The World Upended
In 1914, the powerful empires of Europe and the Near East collided in war. More than half of the world’s Jews found themselves caught in the line of fire. Already hampered by discriminatory restrictions and poverty, they now faced mortal danger from starvation, violence, and disease. As the war raged on, American Jewish communities showed generosity, and an unprecedented degree of unity, through a Joint Distribution Committee.
Cries for Help
The Ottoman Empire cut off all contact between Turkish-ruled Palestine and the outside world. Jews there lost access to their sources of income and faced hostile actions such as arrests and confiscations.

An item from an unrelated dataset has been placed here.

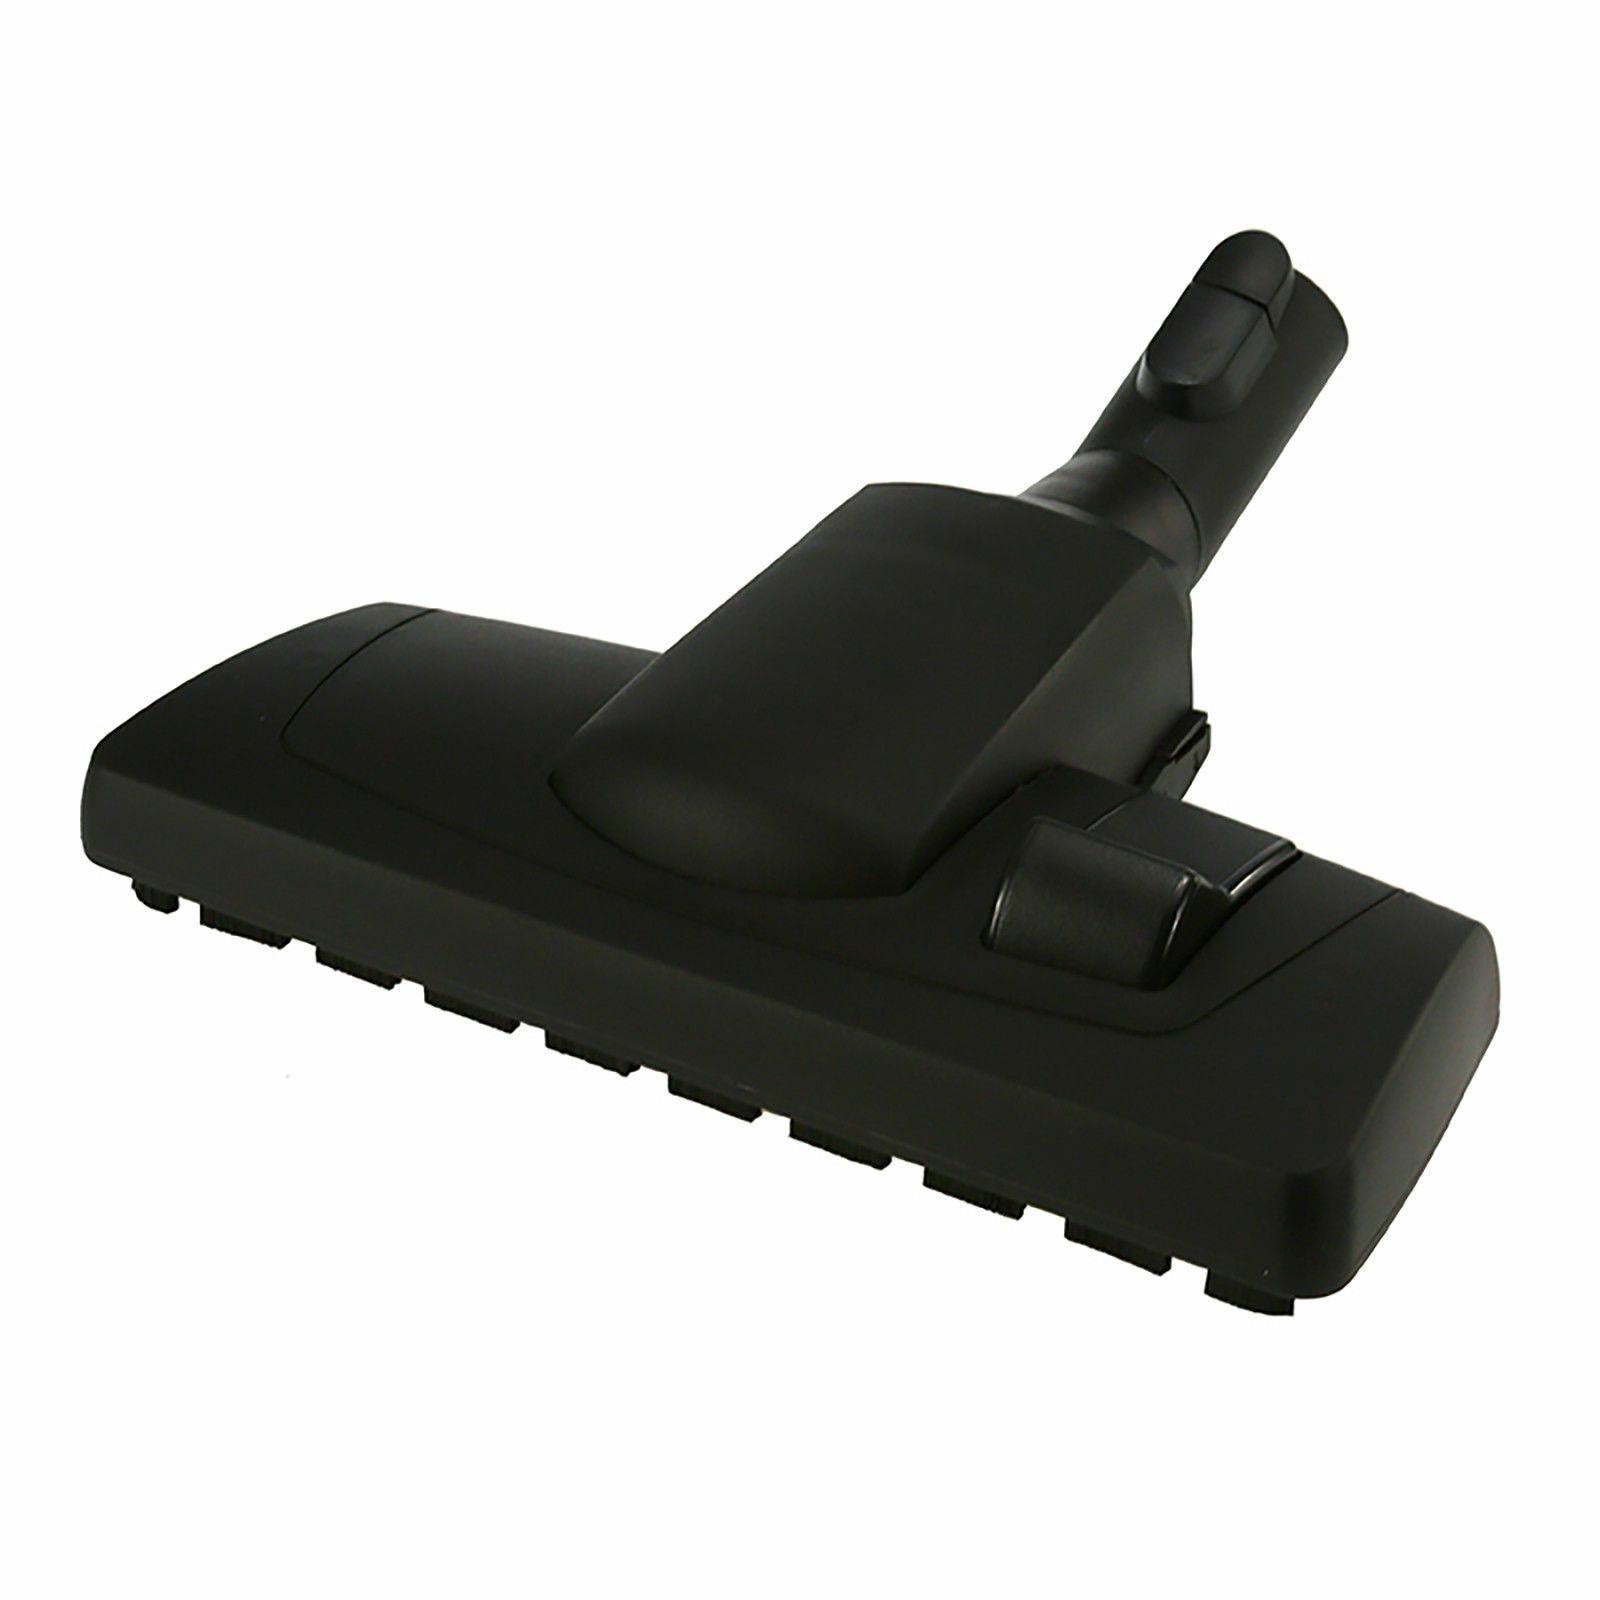 Hard Floor Brush Nozzle Head For Miele S6780 S8310 S8320 S8330 S8340 S8360 Sparesbarn

Immediate relief from a small group in New York was the first step towards American Jewish involvement in the crisis.
A Strong Response
In order to maximize funding for war sufferers, the American Jewish Committee (mostly Reform Jews of German background) formed the American Jewish Relief Committee in October 1914. The Union of Orthodox Jewish Congregations (chiefly Eastern European-born Jews) created the Central Relief Committee. Within a year, organized labor and socialist groups formed the Jewish People’s Relief Committee of America.
Strength in Numbers
Worsening conditions abroad required greater fund-raising efforts. Each successful campaign added to a growing sense of unified purpose at home and helped expand JDC’s work abroad.
Raising Awareness in America
Posters, publicity campaigns, and passionate speeches helped broaden support among Jews from every part of the country and economic level. Non-Jews were apprised of the mounting dangers through the press.